OBJECTIVE: Little is known about the incidence of late onset epilepsy (LOE) across different racial/ethnic groups in the USA, particularly in the Hispanic population. Stroke, a strong predictor of LOE, is more common in non-Hispanic Blacks (NHBs) and Hispanics than in non-Hispanic Whites (NHWs). We assessed the incidence of LOE across racial/ethnic groups and examined whether the associations of stroke with LOE risk differ by race/ethnicity. METHODS: The Northern Manhattan Study is a population-based longitudinal study of older adults enrolled between 1993 and 2001. Participants free of history of stroke or epilepsy at baseline (n = 3419) were followed prospectively for incidence of LOE. We estimated LOE incidence per 1000 person-years in each racial/ethnic group.

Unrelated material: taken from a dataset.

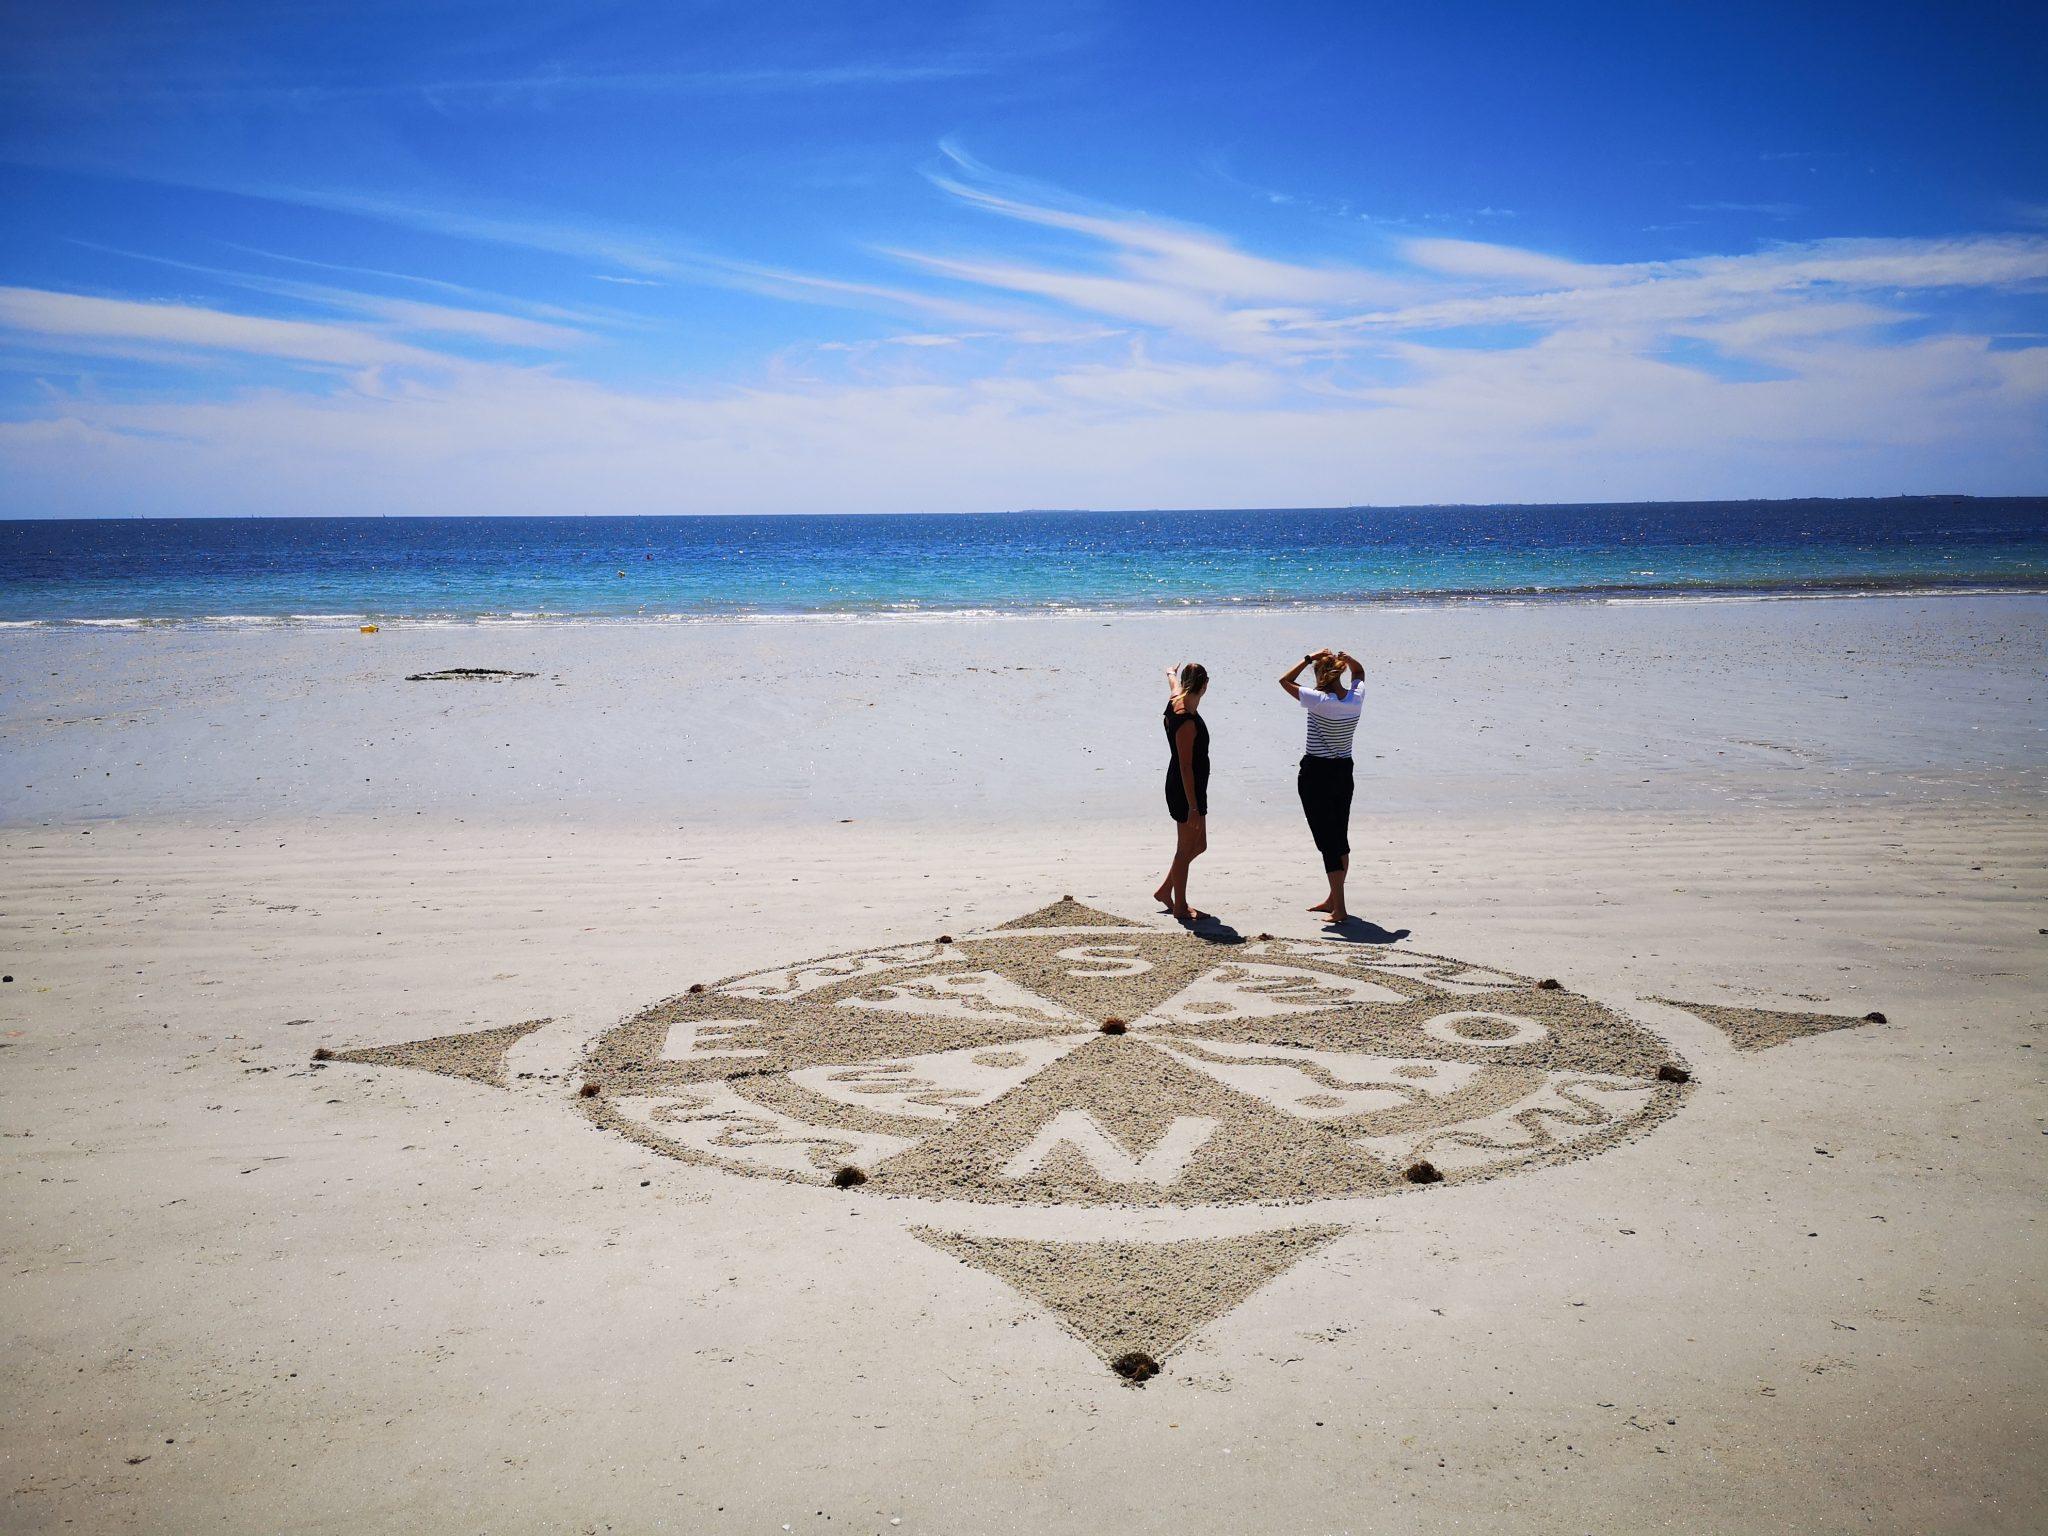 Beach Art à Fouesnant

We used Cox proportional hazards regression to assess the association of race/ethnicity with LOE and multiplicative interactions of race/ethnicity with incident stroke in relation to LOE, adjusting for demographics and comorbid diagnoses. RESULTS: During 51 176 person-years of follow-up, 183 individuals developed LOE. Incidence of LOE was significantly higher in NHBs (6.2 per 1000 person-years) than in NHWs (3.3 per 1000 person-years, p = .004). There was no significant difference in LOE incidence between NHWs (3.3 per 1000 person-years) and Hispanics (2.6 per 1000 person-years, p = .875). However, following incident stroke, the risk of LOE differed across racial/ethnic groups. Incident stroke was associated with 2.55 times the risk of LOE among NHWs (95% confidence interval [CI] = .88-7.35), 8.53 times the risk of LOE among Hispanics (95% CI = 5.36-13.57, p = .04 for stronger association than that in NHWs), and 6.46 times the risk of LOE among NHBs (95% CI = 3.79-11.01, p = .12 for stronger association than that in NHWs). SIGNIFICANCE: We found a stronger association of incident stroke with LOE risk in Hispanics and NHBs than in NHWs, offering some insight into the racial/ethnic disparities of LOE incidence.